Comment by heavyset_go
9 hours ago
Except you're doing nothing about that besides going "let's keep the town square terrible" and ensuring kids are 100% unprepared for the way the modern world communicates in the 21st century lol
9 hours ago
Except you're doing nothing about that besides going "let's keep the town square terrible" and ensuring kids are 100% unprepared for the way the modern world communicates in the 21st century lol
Exchanging messages with your contacts isn't really that hard that you really need to prepare for it.
Zealous parents are using this as an opportunity to take phones, computers and means of digital communication away. Hell, by law, you can't even use Discord without verifying your age lol
Imagine if they banned video games and texting 20 years ago because parents were convinced their kids were addicted to Halo and T9Word. They could always roll hoops in the street and send letters to each other with a little planning, too.
Which part is "keep the town square terrible"?
The part where social media goes completely unchanged except for banning some kids from communicating with their friends
Which just begs the question, how much can you really change social media? How much are you really in control of your feed? This is where the "pubic square" analogy breaks down. Besides, there are a lot of communication mediums/messaging apps that are not social media.

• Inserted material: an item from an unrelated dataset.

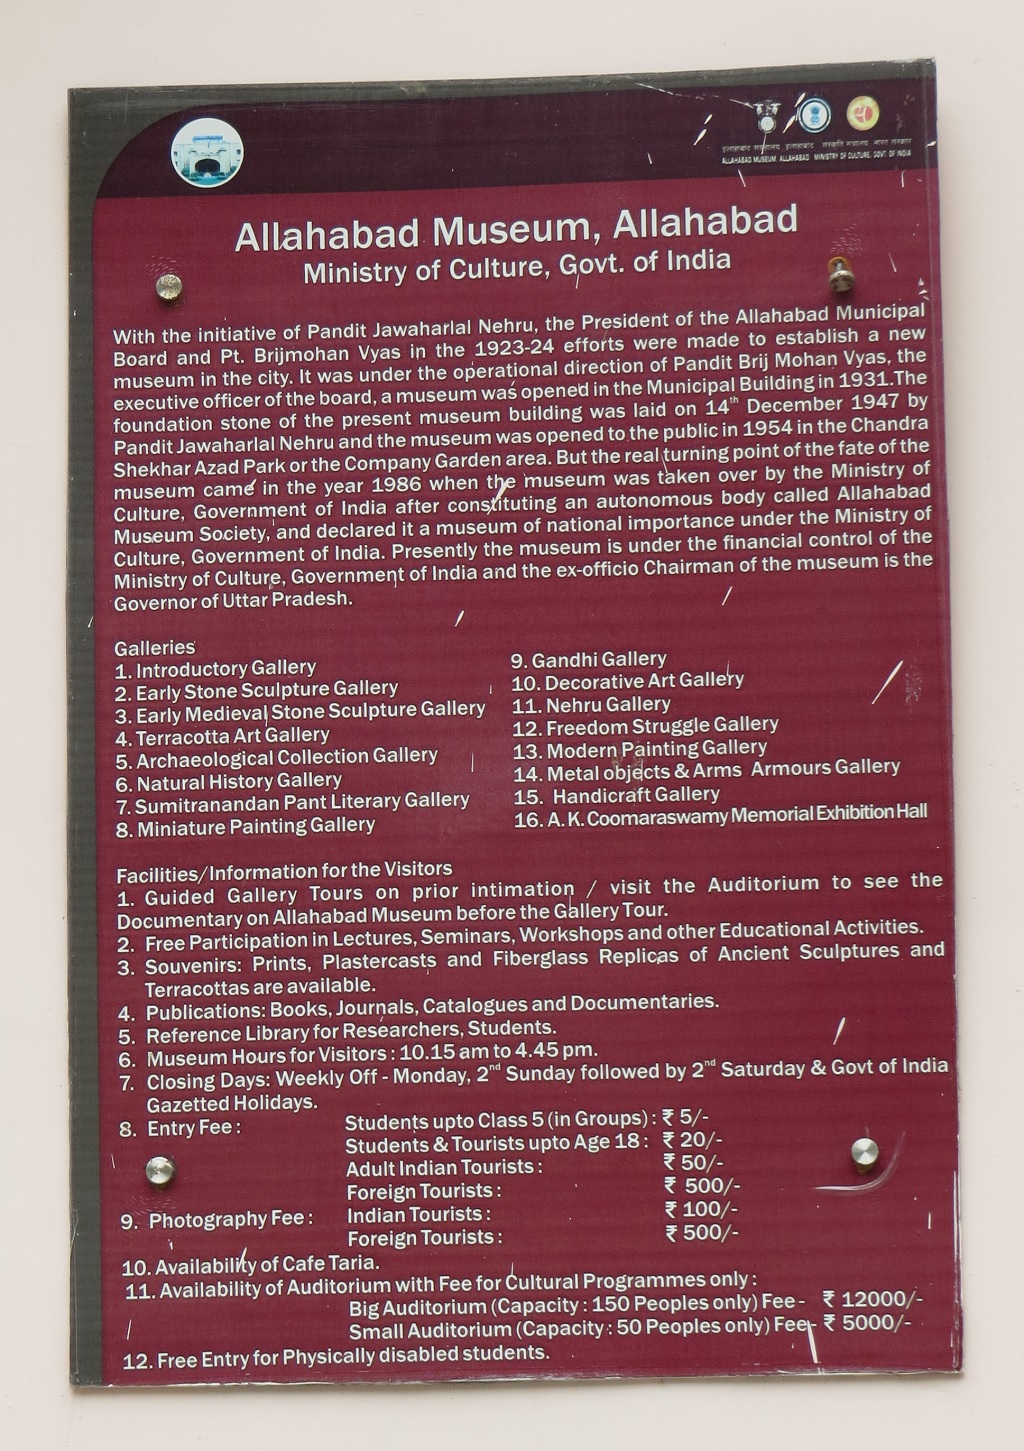 About: Allahabad Museum – Established in 1931

Even back in the early 2010s I've been trying to consume social media mindfully. I made sure to follow pages with meaningful content (e.g., The Dalai Lama, The Long Now Foundation, Aeon Magazine, tech-related pages, SpaceX, Elon Musk, indie creators). I don't just add or follow blindly.

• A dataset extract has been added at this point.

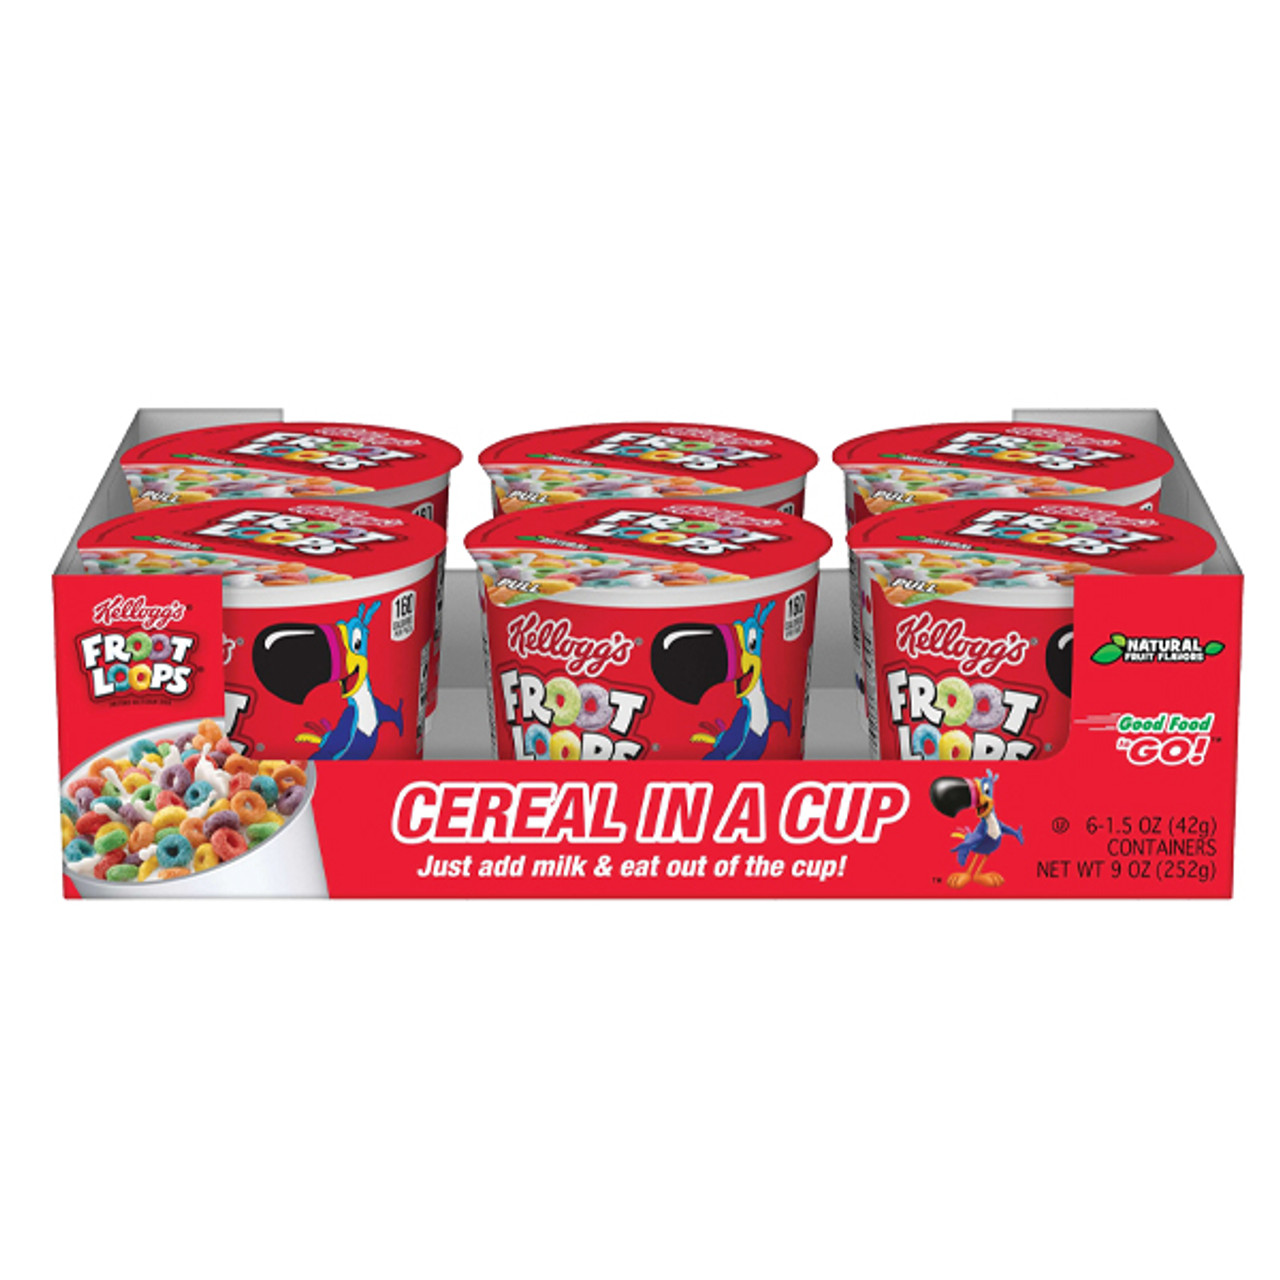 Kellogg's Froot Loops Breakfast Cereal, Single-Serve - 6 pack, 1.5 oz cups

Back then I could justify why my selection was "good" but even then, they were drowned out by the tedium of vacations, new restaurants, felt-cute-might-delete-later selfies. Slop/engagement bait is quicker to produce than meaningful thought-provoking content.
I am also pretty sure Facebook's negative signals (unfollow, don't show me this type of content) did not work back then, at least not deterministically. If something I did not like had enough traction, it will still pop up in my feed.
And of course, goes without saying that a lot of my choices aged like milk. Elon Musk turned out to be, well, Elon Musk. Some of the tech pages started shilling out crypto (and nowadays doubtless AI). The indie creators either stopped posting or fell out of favor with the algorithm which meant exodus from the platform. All that goes on top of my pre-existing grievances against my feed recommendations.